Reproduction of part of the material below, pictures omitted: copy exactly, and only, the lines starting with the one with "Schloss Elsterwerda mit" and going on through the one with "Foto: Andreas Franke".

╭─ RAW DATA

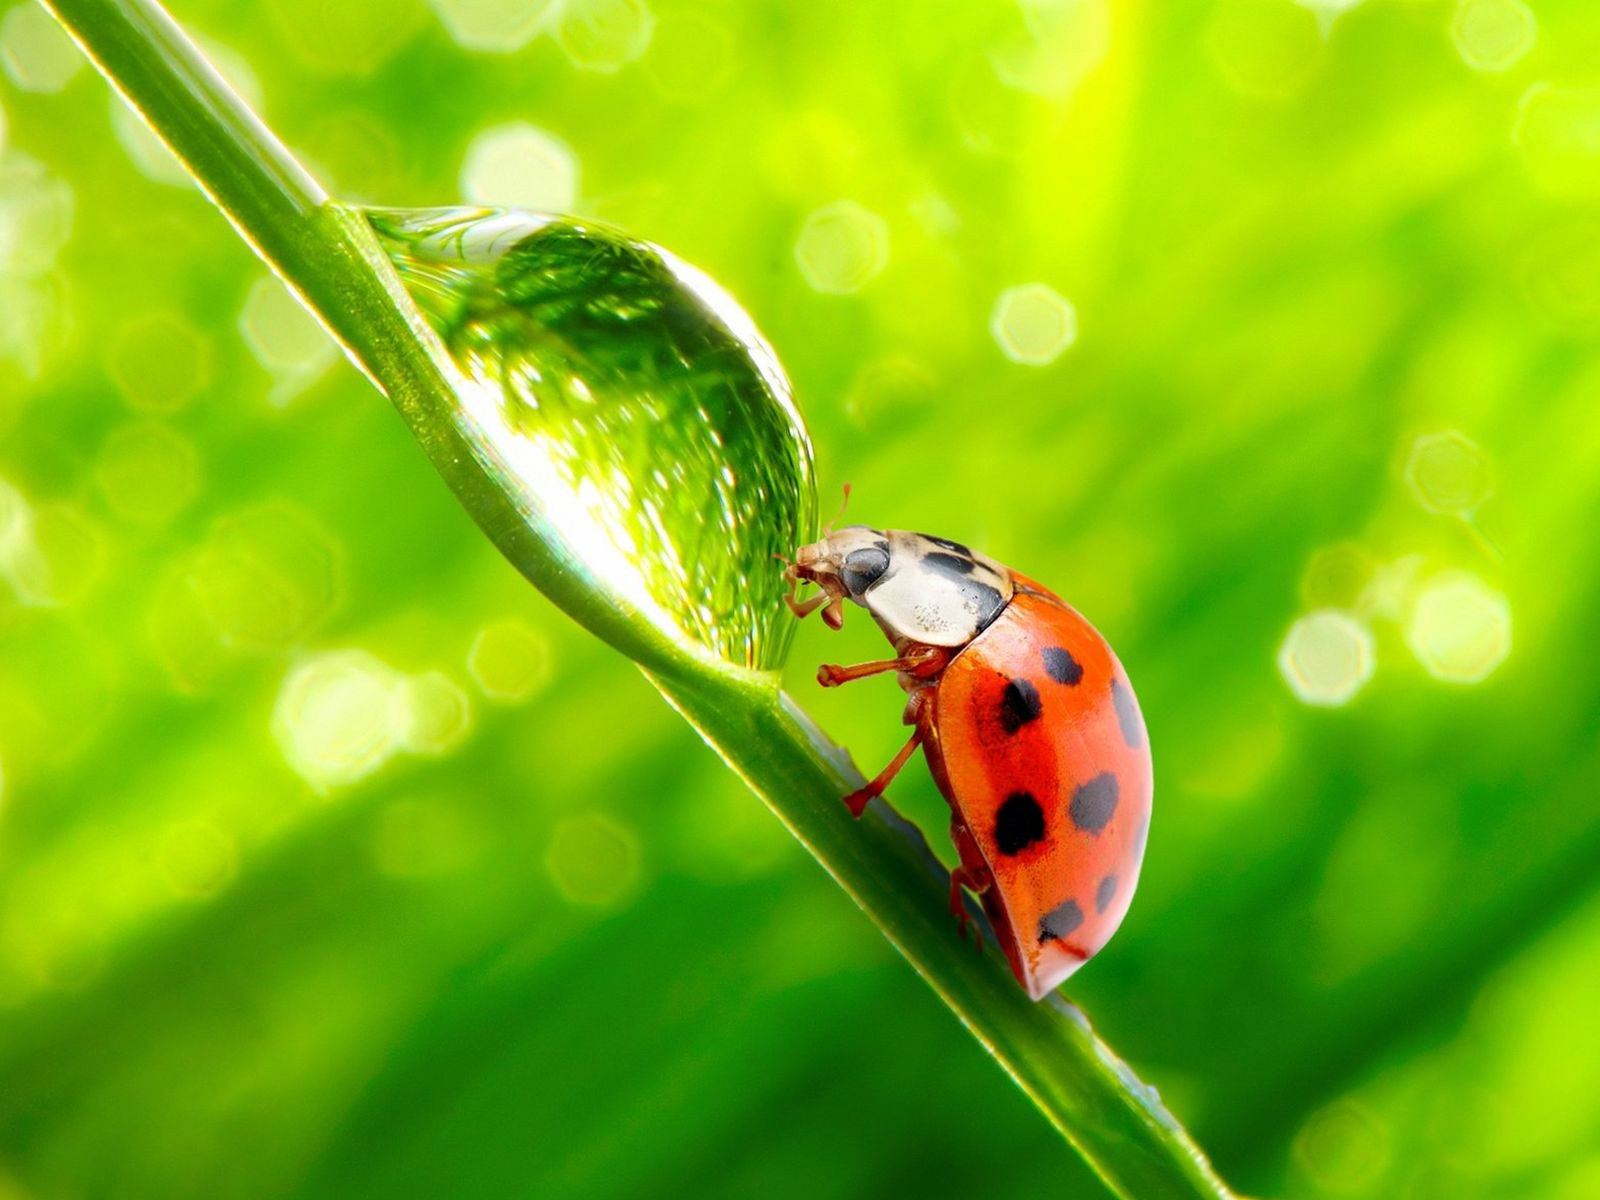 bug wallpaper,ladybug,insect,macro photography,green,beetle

╰─
╭─ RAW DATA

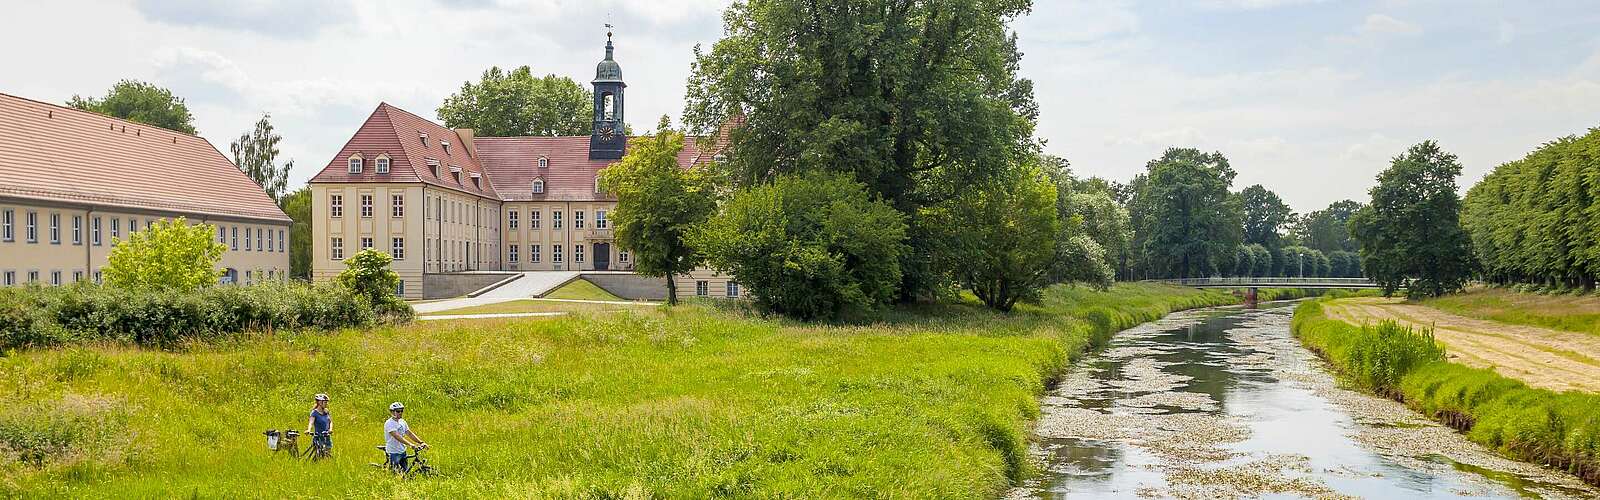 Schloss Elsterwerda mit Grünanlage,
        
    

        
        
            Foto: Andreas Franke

╰─
╭─ RAW DATA

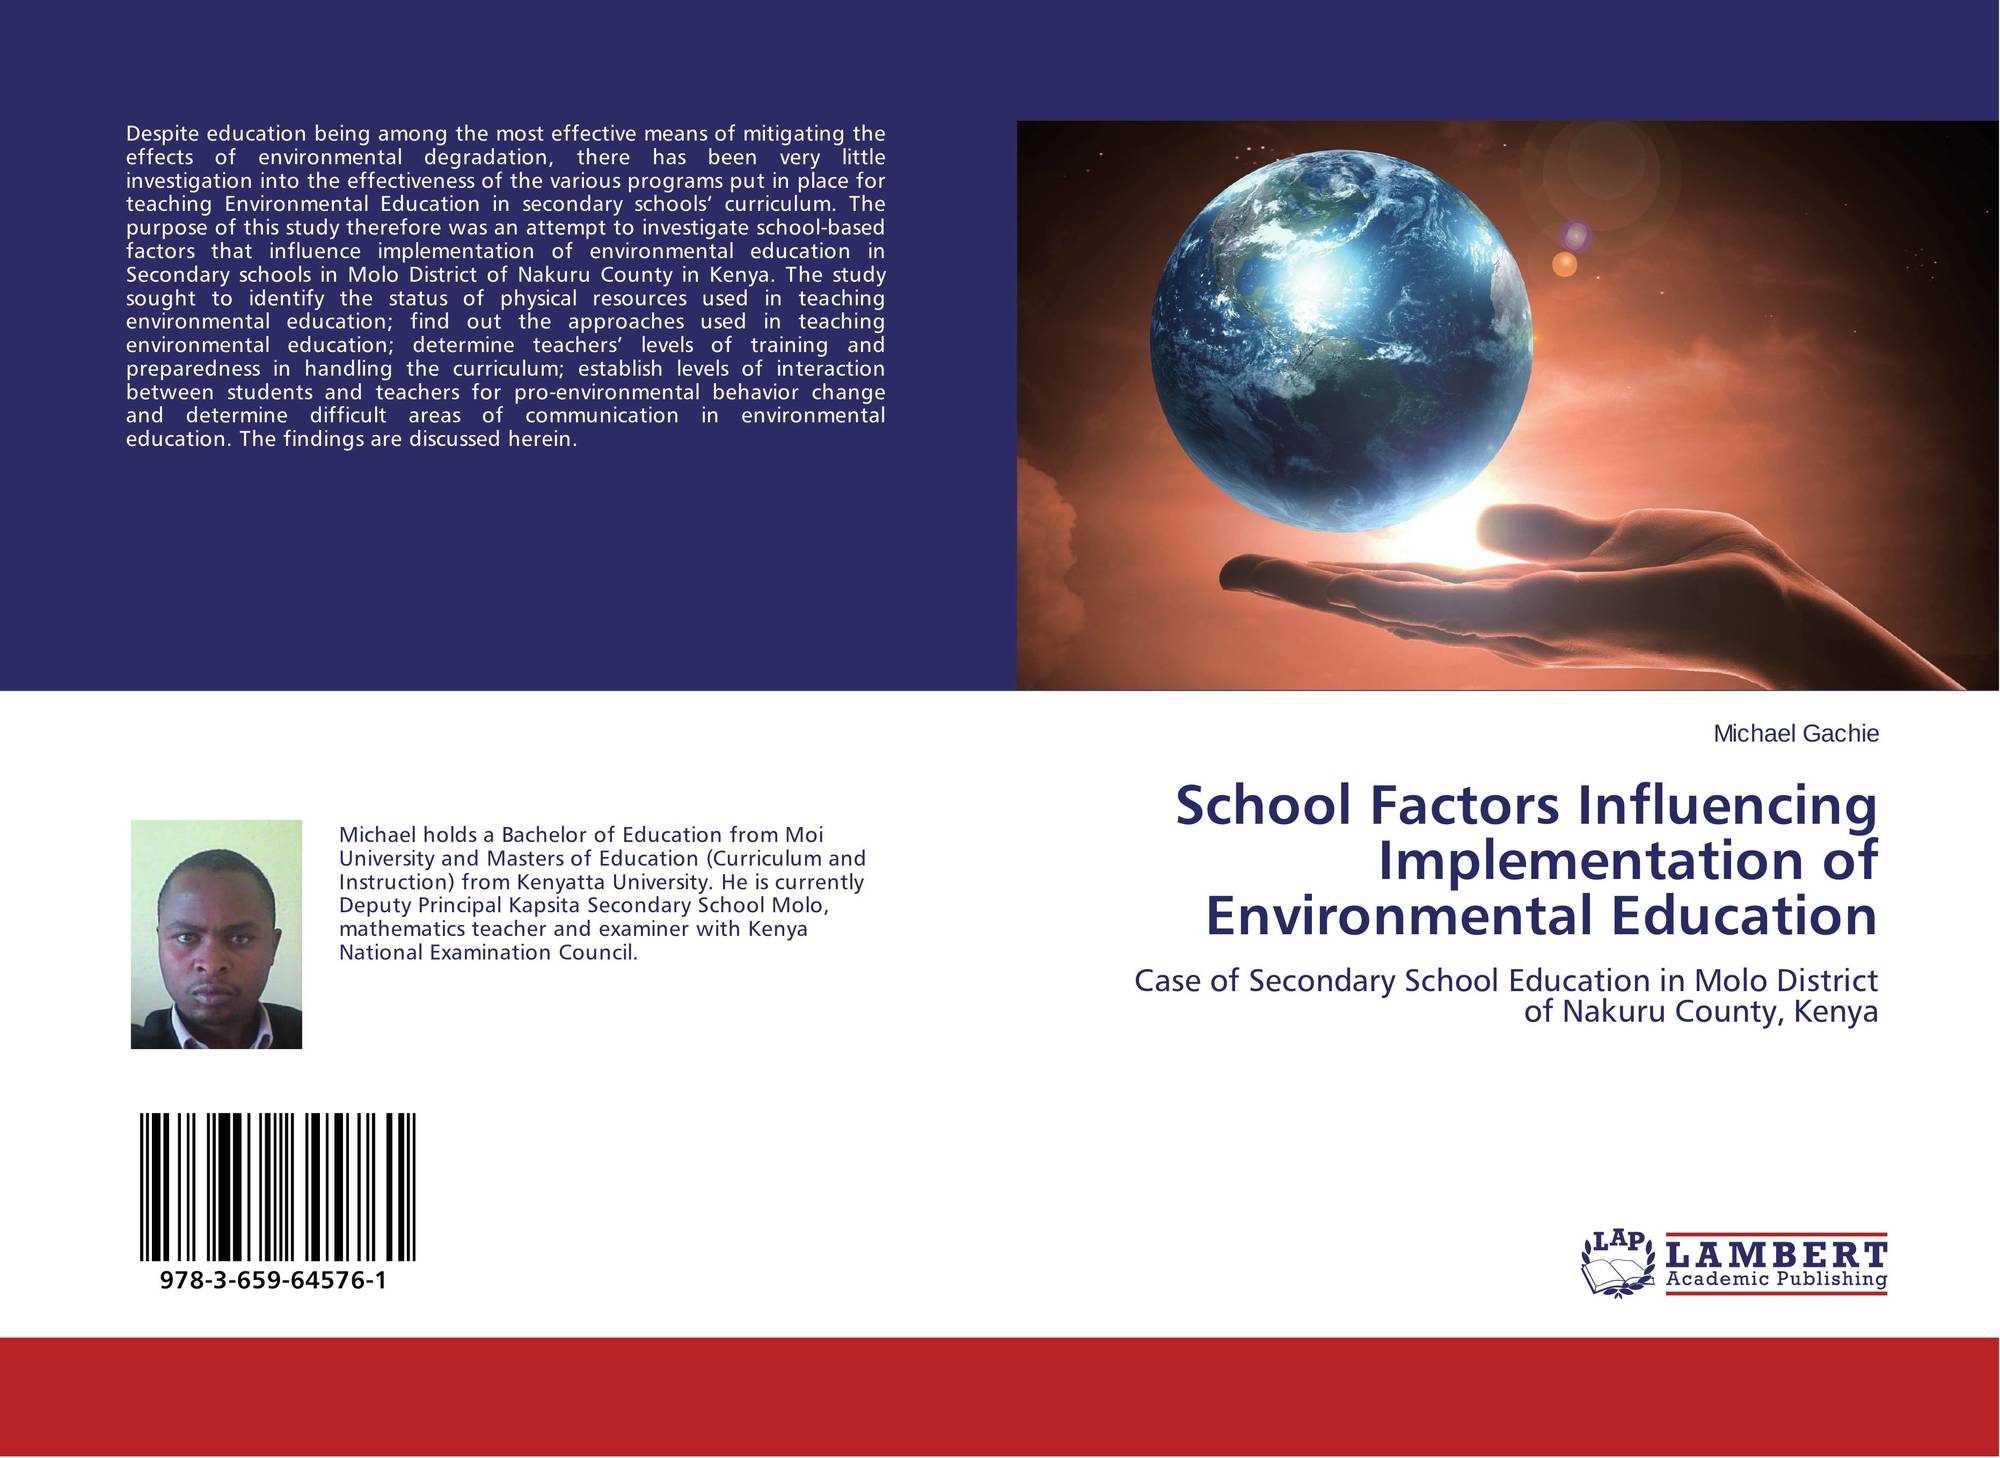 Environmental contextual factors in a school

╰─

#### [RESULT BELOW]
 Schloss Elsterwerda mit Grünanlage,
        
    

        
        
            Foto: Andreas Franke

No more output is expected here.